Conjunctive Normal Form#

It’s not hard to show that we can convert a formula to CNF as well using the following properties:

Distributivity

\[A\wedge(B\vee C) \Leftrightarrow (A\wedge B)\vee (A\wedge C) \]

\[ A\vee (B\wedge C) \Leftrightarrow (A \vee B) \wedge (A \vee C) \]

De Morgan’s Law’s

\[\neg(A\wedge B) \Leftrightarrow \neg A \vee \neg B\]

\[\neg(A\vee B) \Leftrightarrow \neg A \wedge \neg B \]

Double Negative Elimination

\[\neg \neg A \Leftrightarrow A\]

There is also an intuitive way to understand CNF as the logical dual of DNF. Where DNF looks at the rows of the truth table where the function is 1, CNF starts by looking at where the rows are 0 and in effect saying “If we want this function to be true, then all of the following valuations must be false”.

Other Ways to Universality#

Outside of a direct proof that a set of connectives is universal, we can do a proof by reduction: if we show that a set of connectives can be used to make every connective in some universal set, then our original set is also universal.

It’s worth noting here that although the sets \(\{\neg,\vee,\wedge\}\) and \(\{\neg,\oplus,\wedge\}\) are functionally complete they are not minimally so. With De Morgan’s laws we can dispence with either \(\vee\) or \(\wedge\) and show that \(\{\wedge, \neg\}\) and \(\{\vee, \neg\}\) are universal sets. If we allow another type of Boolean function, the constants, it can also be shown that the set \(\{\oplus, \wedge, \mathbb{1} \}\) is functionally complete, since \(a\wedge \mathbb{1} \Leftrightarrow \neg a\). This is a form we’ll come back to called the algebraic normal form, since it will allow us to represent Boolean functions as arithmetic formulas over \(\mathbb{F}_2\).

Classifying Binary Sheffer Functions#

A Boolean function is a Sheffer function if it is universal on its own. Playing around with the functions some, it becomes clear that not every binary function will be able to do this: constants are obviously out, as are projections and their negations. The first hint we have in finding these is the fact that the sets \(\{\wedge, \neg\}\) and \(\{\vee, \neg\}\) are universal: something about the combined behavior of these connectives is “enough” to get us all possible behaviours. So let’s consider their compositions, \(A\uparrow B\) (NAND) and \(A\downarrow B\) (NOR). These are defined by the following truth tables

\( x \) \(y\) \(x \mbox{ } \uparrow y\)
1 1 0
1 0 1
0 1 1
0 0 1
\( x \) \(y\) \(x \mbox{ } \downarrow y\)
1 1 0
1 0 0
0 1 0
0 0 1

It’s not hard to verify the following logical equivalances for \(\uparrow\), showing its universality:

\[\neg(A) \Leftrightarrow A\uparrow A\]

\[ A \wedge B \Leftrightarrow ( A\uparrow B) \uparrow (A\uparrow B) \]

and similarly for \(\downarrow\).

Final Thoughts#

Already we’ve seen some interesting structure in the Boolean binary functions. We’ve seen that there is an “algebra” of how they combine together, and that some connectives are more expressive than others, to the point where certain binary functions can express any other function. This answers the question that started this article: if we were on a desert island full of semiconductors we would only need enough time and one type of logic gate to make a computer to shitpost on.

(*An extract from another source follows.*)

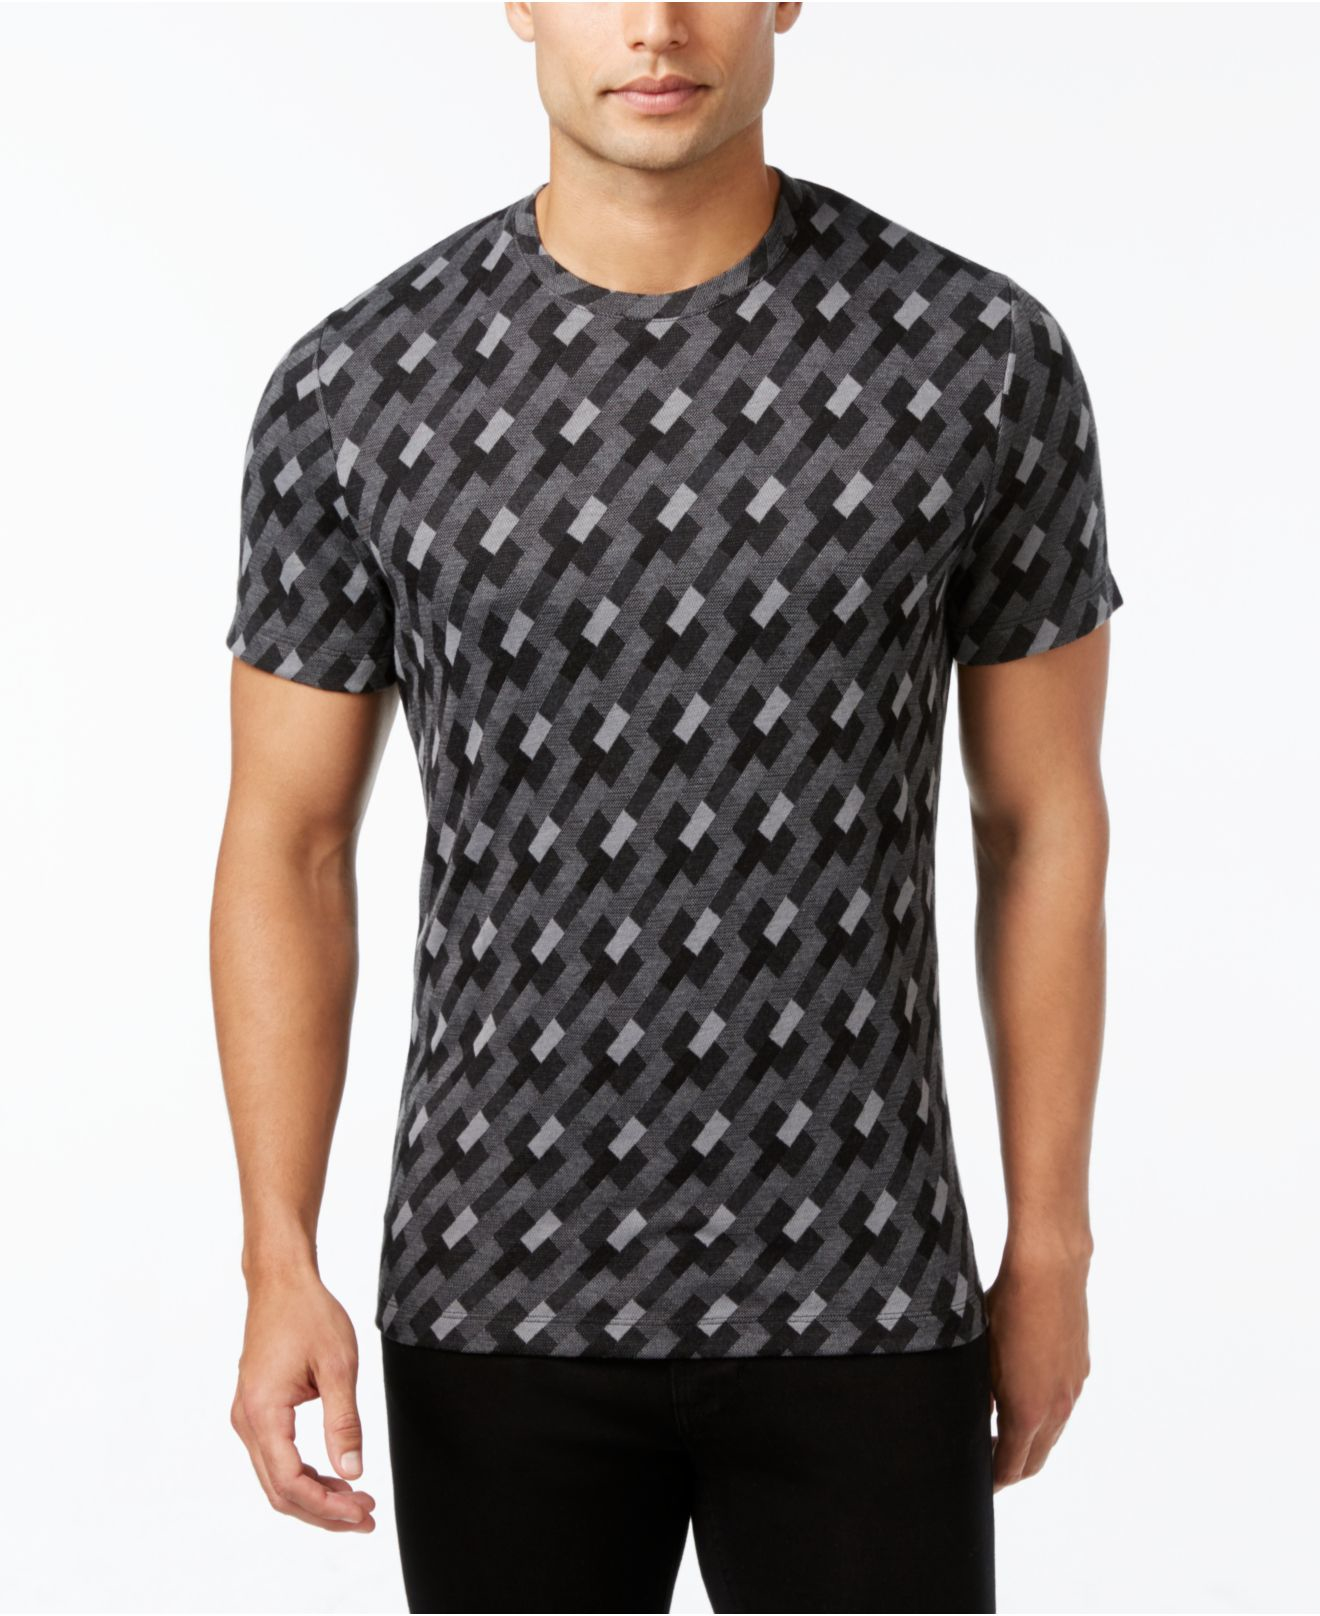 Lyst - Alfani Men's Jacquard Geometric T-shirt in Black for Men

Next time we’ll take a look at confirming if there are other binary Sheffer functions other than \(\uparrow\) and \(\downarrow\).

Open Questions#

  1. How many other normal forms are there?
  2. If we’re working in a multi-valued logic (or equivalently considering functions from \(\{0,1,...m\}^n \to \{0,1,...m\}\), what sort of normal forms exist?
  3. Do we still have Sheffer functions when we work over more values, or is there something about a two element set that allows this?

Stumbling Blocks#

  1. I’m rusty when it comes to writing proofs.
  2. Intuitively understand what the CNF and DNF mean was tricky. This was one of those things I proved but didn’t get the first time around.